枚舉每條邊<u, v>, ans=(val[u]+val[v]) / (prim - g[u][v]);
而prim則是包含邊<u, v>的生成樹中最小的那個權值和。
先求出原圖的最小生成樹。use[u][v] = 2時,邊<u, v>在MST上, use[u][v] = 1時,存在邊<u, v>。
f[u][v]表示u->v的最小瓶頸路。
#include<algorithm>
#include<iostream>
#include<cstring>
#include<cstdlib>
#include<fstream>
#include<sstream>
#include<bitset>
#include<vector>
#include<string>
#include<cstdio>
#include<cmath>
#include<stack>
#include<queue>
#include<stack>
#include<map>
#include<set>
#define FF(i, a, b) for(int i=a; i<b; i++)
#define FD(i, a, b) for(int i=a; i>=b; i--)
#define REP(i, n) for(int i=0; i<n; i++)
#define CLR(a, b) memset(a, b, sizeof(a))

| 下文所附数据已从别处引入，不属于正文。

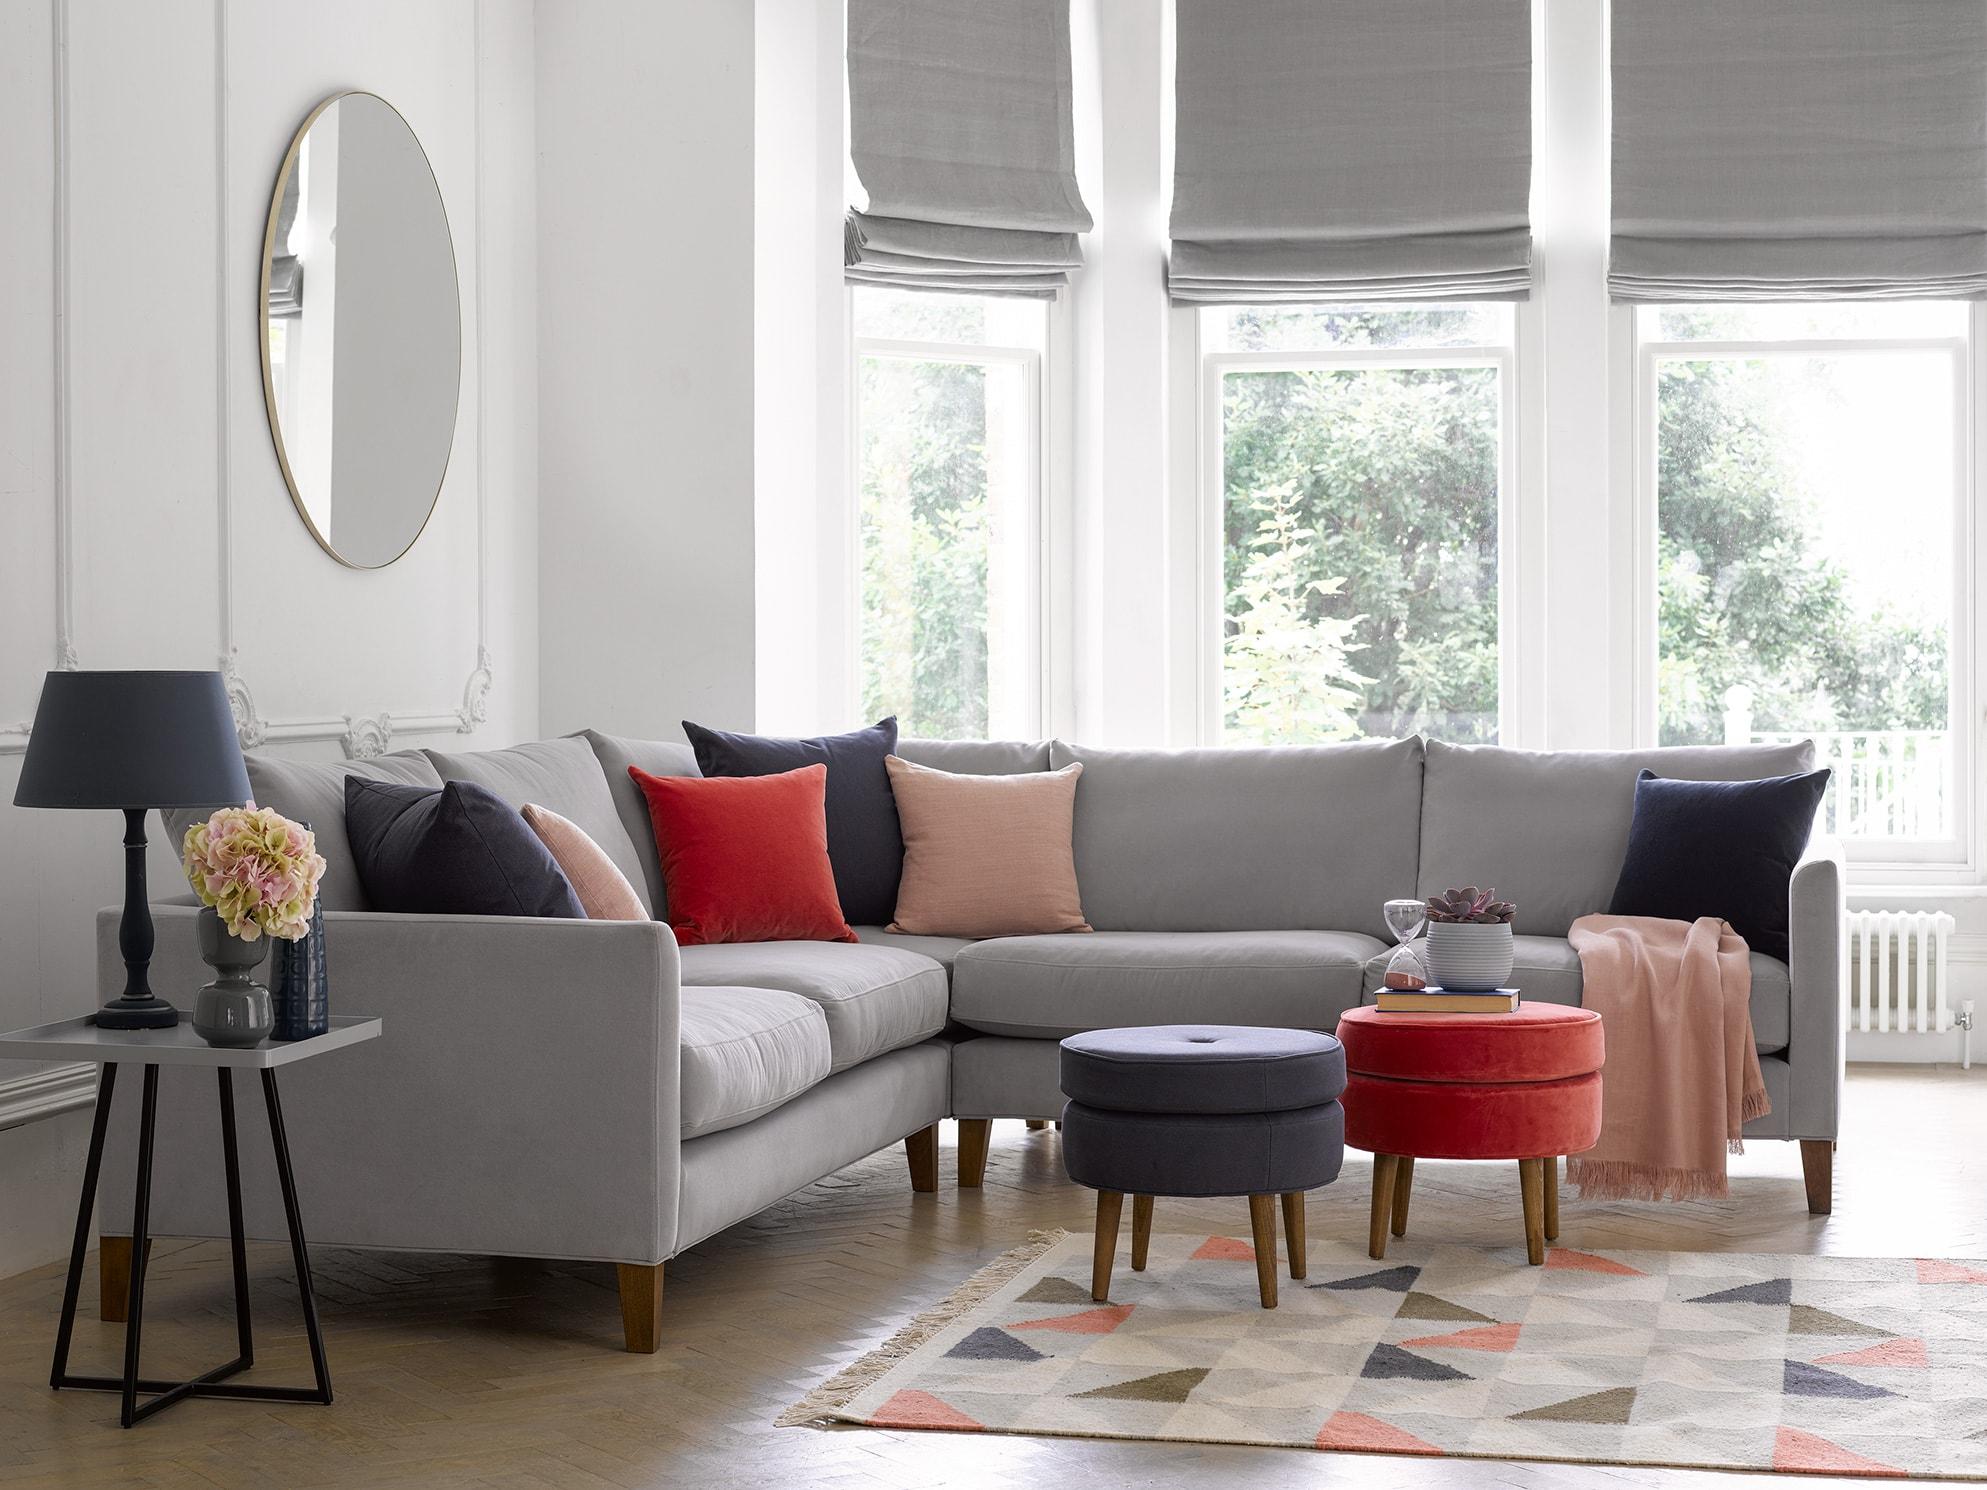 как поставить угловой диван в комнате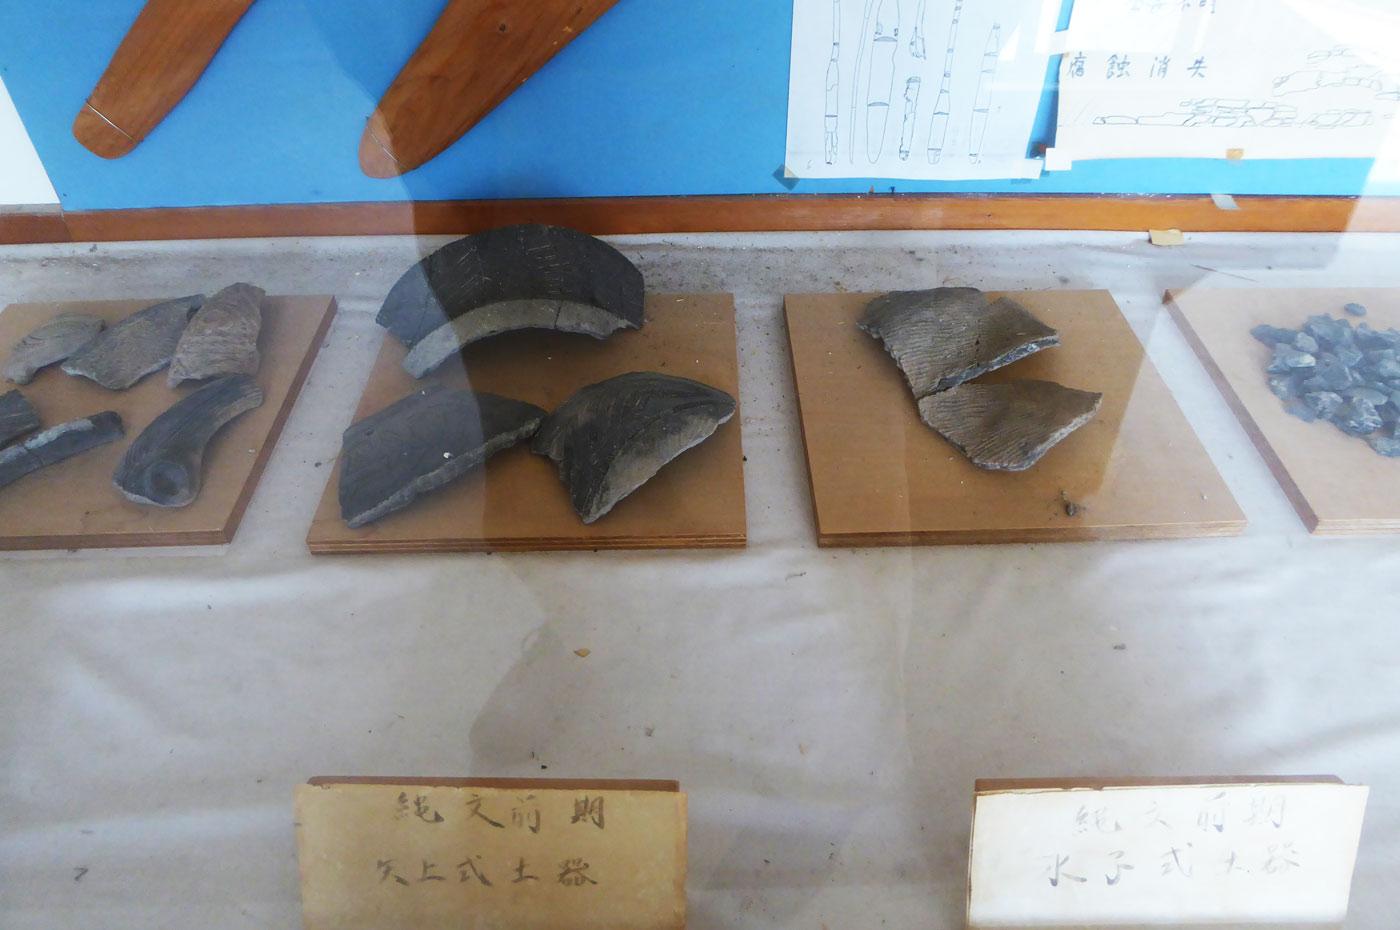 縄文前期の矢上式土器、水子式土器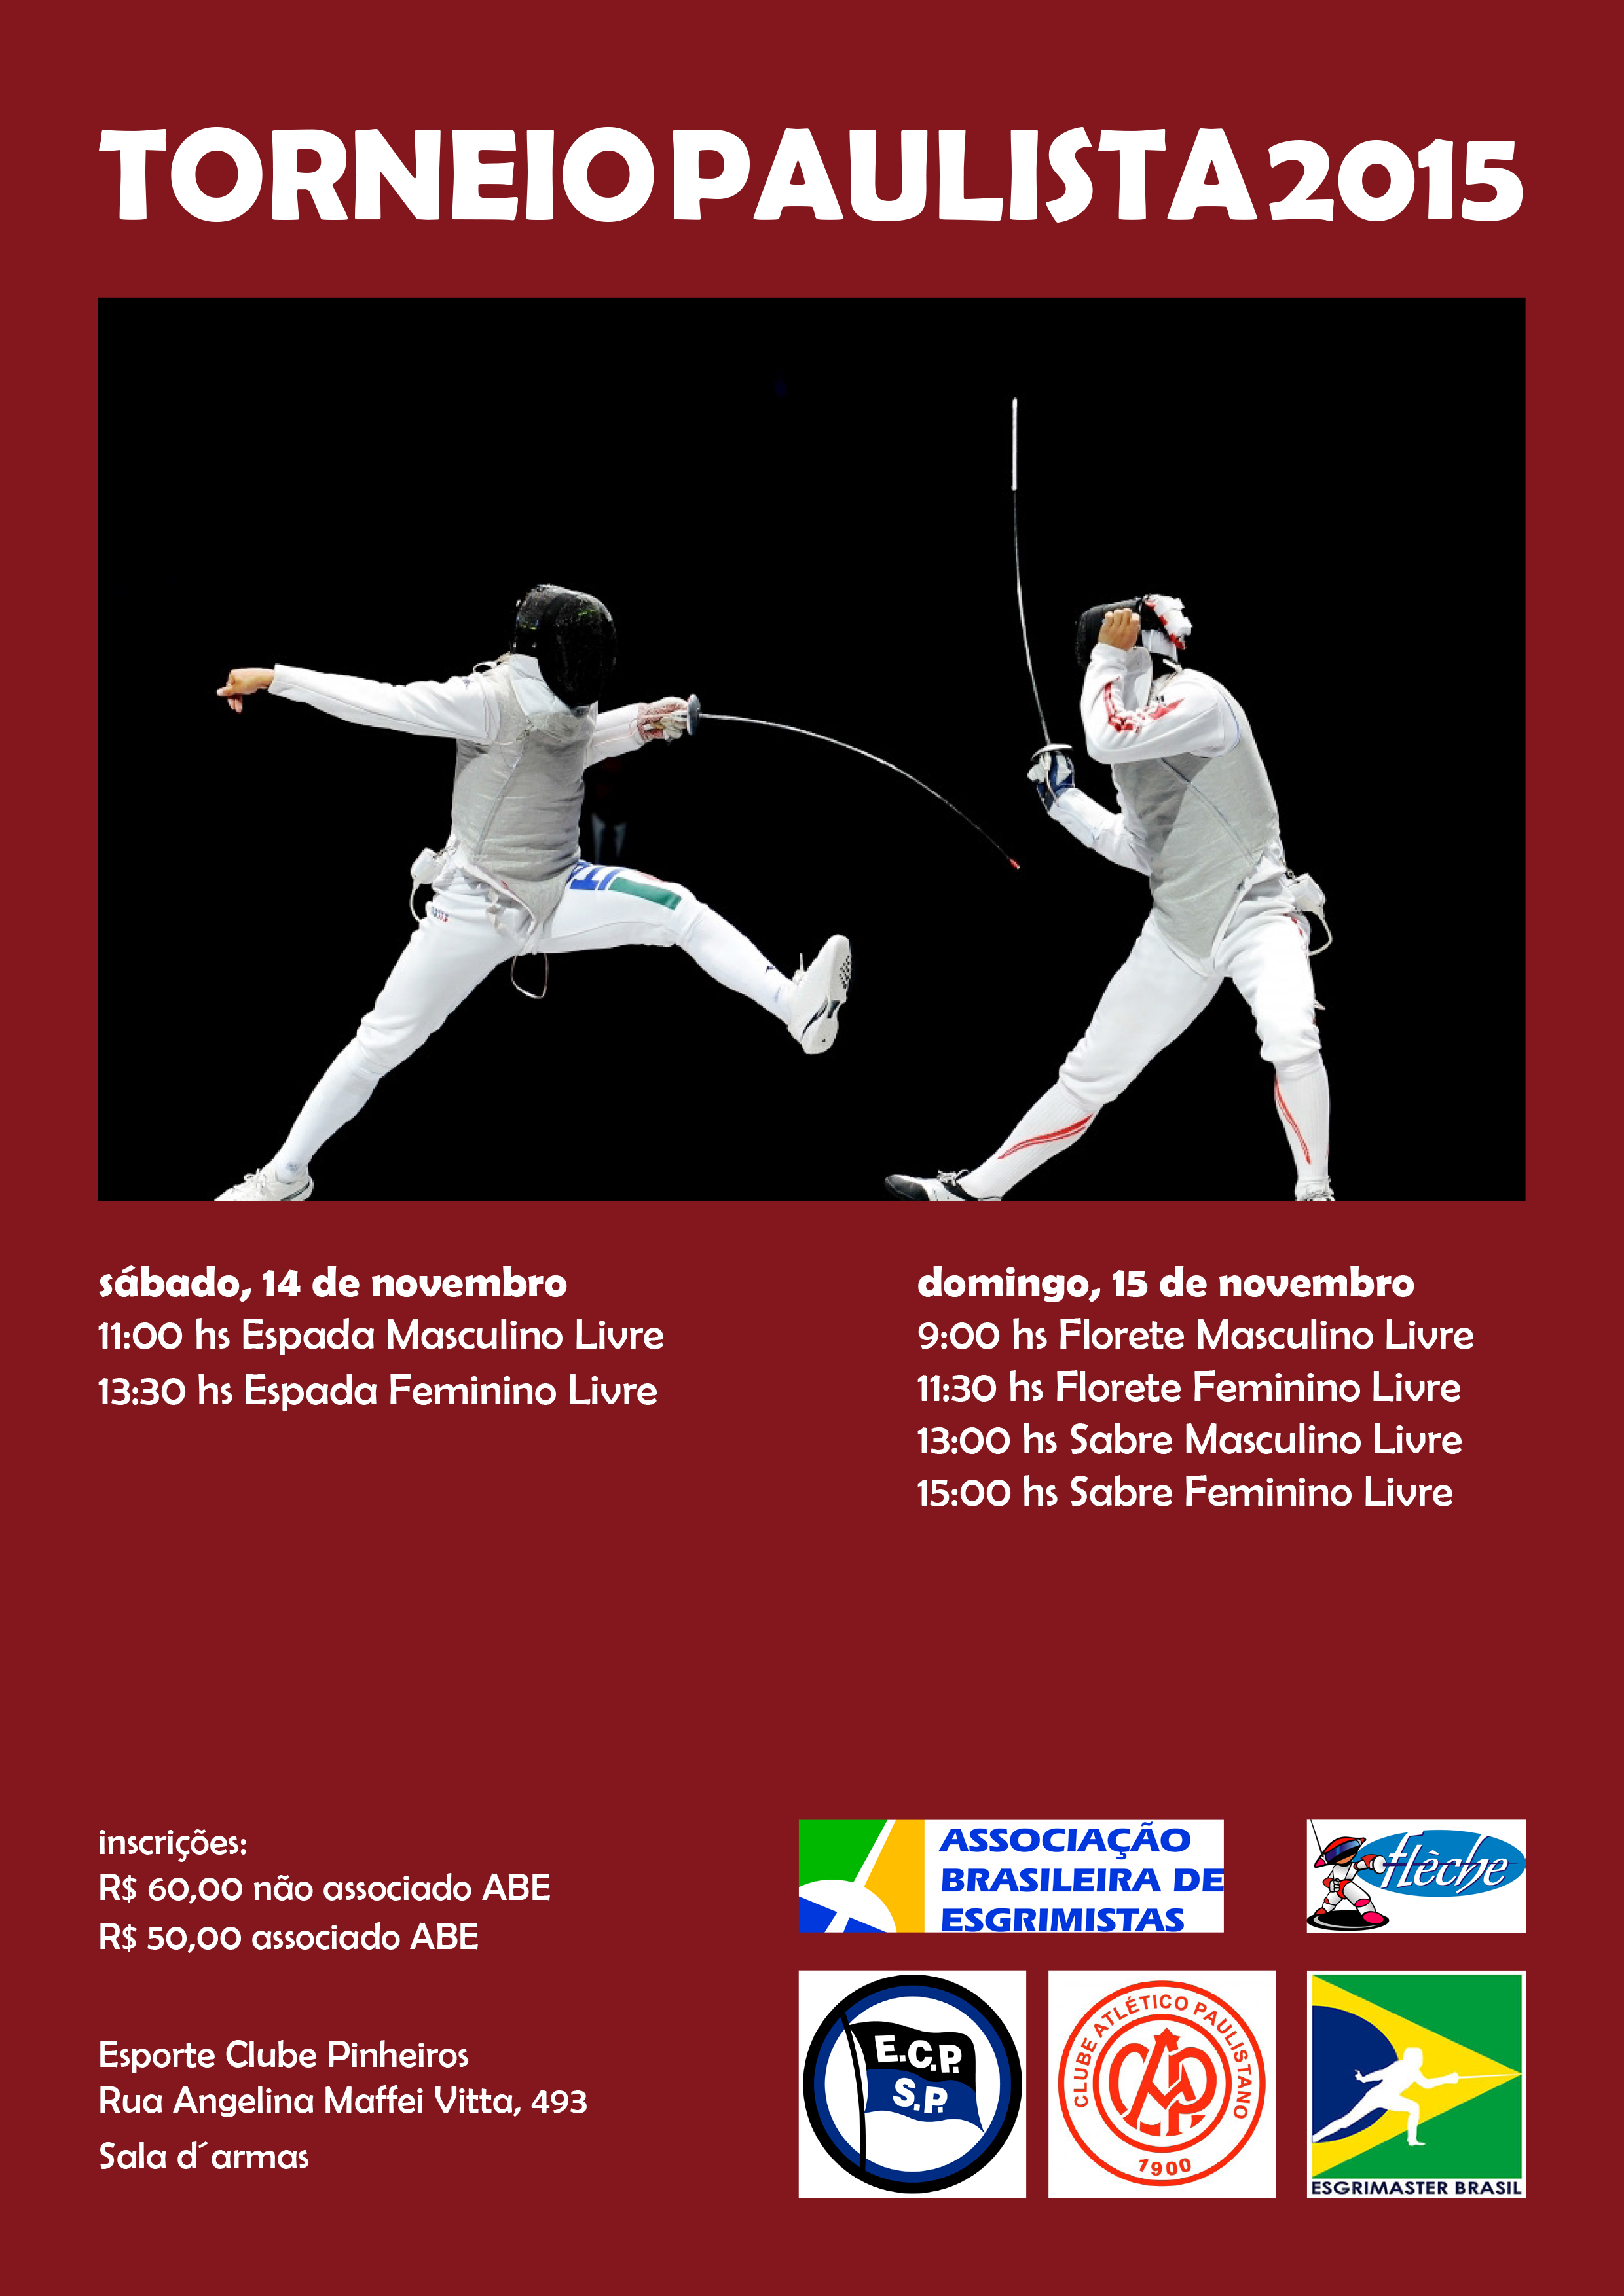 Torneio Paulista 2015_00

#define debug puts("**debug**")
#define LL long long
#define PB push_back
using namespace std;
const int maxn = 1010;
const double INF = 1e10;
int n, m, T, use[maxn][maxn];
double g[maxn][maxn], f[maxn][maxn], val[maxn];
double ans1, ans2;
double prim()
{
int pre[maxn] = {-1};
bool vis[maxn] = {0};
double d[maxn], ret = 0;
FF(i, 1, n+1) d[i] = INF; d[1] = 0;
FF(i, 1, n+1)
{
int pos;
double tmp = INF;
FF(j, 1, n+1) if(!vis[j] && d[j] < tmp) tmp = d[j], pos = j;
if(pre[pos] != -1)
{
use[pre[pos]][pos] = use[pos][pre[pos]] = 2;
FF(j, 1, n+1) if(vis[j]) f[pos][j] = f[j][pos] = max(f[j][pre[pos]], g[pre[pos]][pos]);
}
vis[pos] = 1;
ret += d[pos];
FF(j, 1, n+1) if(!vis[j] && use[pos][j] && g[pos][j] < d[j]) d[j] = g[pos][j], pre[j] = pos;
}
return ret;
}
double Second_MST()
{
ans1 = prim();
ans2 = -1;
FF(i, 1, n+1) FF(j, i+1, n+1)
{
double A = val[i] + val[j], B;
if(use[i][j] == 2) B = ans1 - g[i][j];
else if(use[i][j] == 1) B = ans1 - f[i][j];
ans2 = max(ans2, A/B);
}
return ans2;
}
struct Point
{
double x, y;
}p[maxn];
int main()
{
scanf("%d", &T);
while(T--)
{
scanf("%d", &n);
FF(i, 1, n+1) scanf("%lf%lf%lf", &p[i].x, &p[i].y, &val[i]);
FF(i, 1, n+1) FF(j, i+1, n+1)
{
g[i][j] = g[j][i] = sqrt((p[i].x-p[j].x)*(p[i].x-p[j].x) + (p[i].y-p[j].y)*(p[i].y-p[j].y));
use[i][j] = use[j][i] = 1;
f[i][j] = f[j][i] = 0;
}
printf("%.2lf\n", Second_MST());
}
return 0;
}